O Superior Tribunal de Justiça negou autorização a um empresário de São Paulo para utilizar gravações de conversas telefônicas de sua mulher como prova de infidelidade conjugal. As fitas foram juntadas à ação de separação litigiosa iniciada em 1992. A decisão da Quarta Turma do STJ confirma o entendimento do Tribunal de Justiça de São Paulo, segundo o qual, “o direito à intimidade e à vida privada têm natureza de direito de personalidade, com precedência sobre o direito à honra conjugal”.
Casado desde 1959 com C.A, o empresário H.A. ajuizou ação para não pagar pensão alimentícia e para a mulher deixar de usar o sobrenome dele. O empresário alega que ele mesmo, e não terceiros, gravou a conversa de C.A. com amigas e a utilização das fitas não constitui abuso porque não houve divulgação e o processo tramita em segredo de justiça. H.A. se ampara no artigo 383 do Código de Processo Civil: “todos os meios legais, bem como os moralmente legítimos, ainda que especificados neste Código, são hábeis para provar a verdade dos fatos, em que se funda a ação ou defesa”.

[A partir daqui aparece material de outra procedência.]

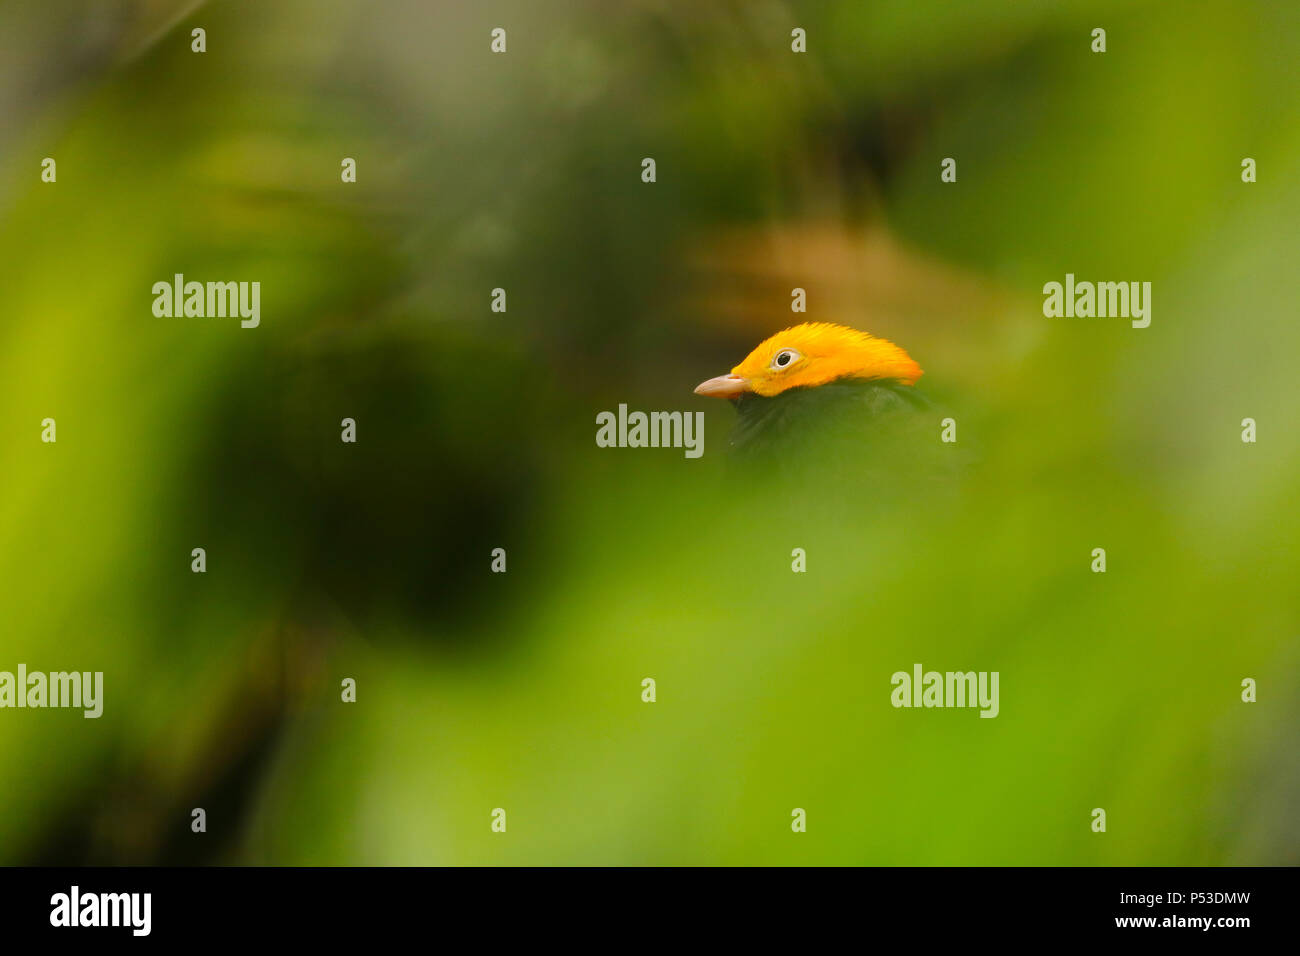 bright yellow head of a male golden-headed manakin (pipra erythrocephala) surrounded by blurry green leaves Stock Photo
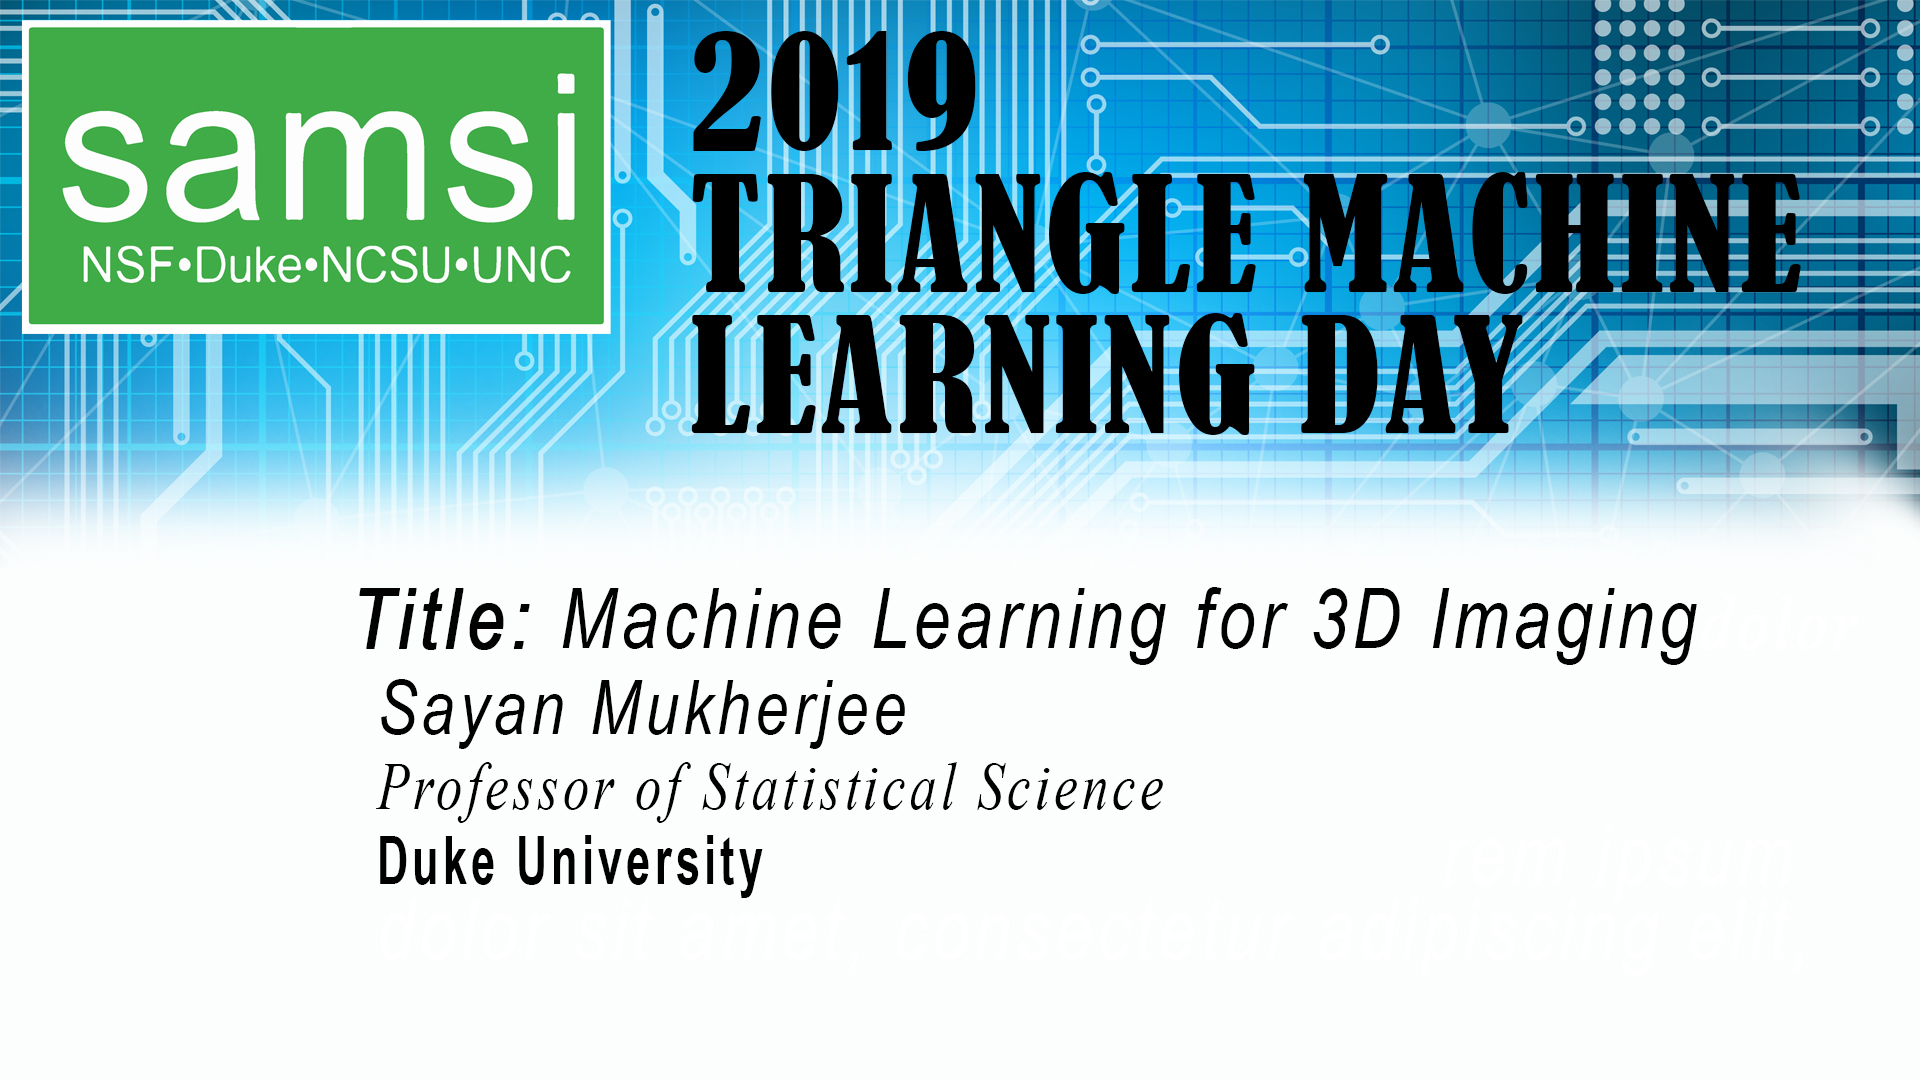 Deep Learning: Triangle Machine Learning Day - Machine Learning for 3D Imaging, Sayan Mukherjee Thumbnail

Para os advogados de C.A., entretanto, qualquer um que intercepte a comunicação de uma pessoa feita para outra, ou seja, qualquer um que não participe do diálogo, é considerado terceiro. Segundo eles, a estratégia do empresário é estender o processo de separação tanto que ele confessou ter doado parte do patrimônio comum do casal aos três filhos sem o consentimento da esposa, se recusou a pagar pensão alimentícia e conseguiu, por diversas vezes, adiar as audiências de julgamento.
O Tribunal de Justiça de São Paulo julgou ilegal a utilização das fitas como prova, fundamentado nos princípios constitucionais de inviolabilidade da vida privada e da intimidade das pessoas e nas normas de inviolabilidade estabelecidas no Código Brasileiro de Telecomunicações. O TJ entendeu que o casamento não dá direito a nenhum dos cônjuges de interferir na liberdade do outro, seja de escolher seu próprio círculo de amizades ou de preservação do sigilo de correspondência.
“O ser humano é pessoa antes de ser cônjuge”, afirmou o desembargador José Osório, relator do processo no TJ. Segundo ele, é inconcebível qualquer menção ao crime de adultério “em abordagens sérias de temas de Direito de Família”. “O cônjuge que se pensa traído precisa enfrentar seu grave problema de maneira a não atropelar direitos personalíssimos, constitucionalmente amparados”, disse.
A Quarta Turma do STJ não conheceu do recurso especial do empresário por ser inadmissível a utilização de tal instrumento jurídico para contestar decisão de segunda instância fundamentada na Constituição e em lei federal, quando a parte vencida, no caso o empresário, não leva a questão para ser examinada também pelo Supremo Tribunal Federal (Súmula 126 do STJ).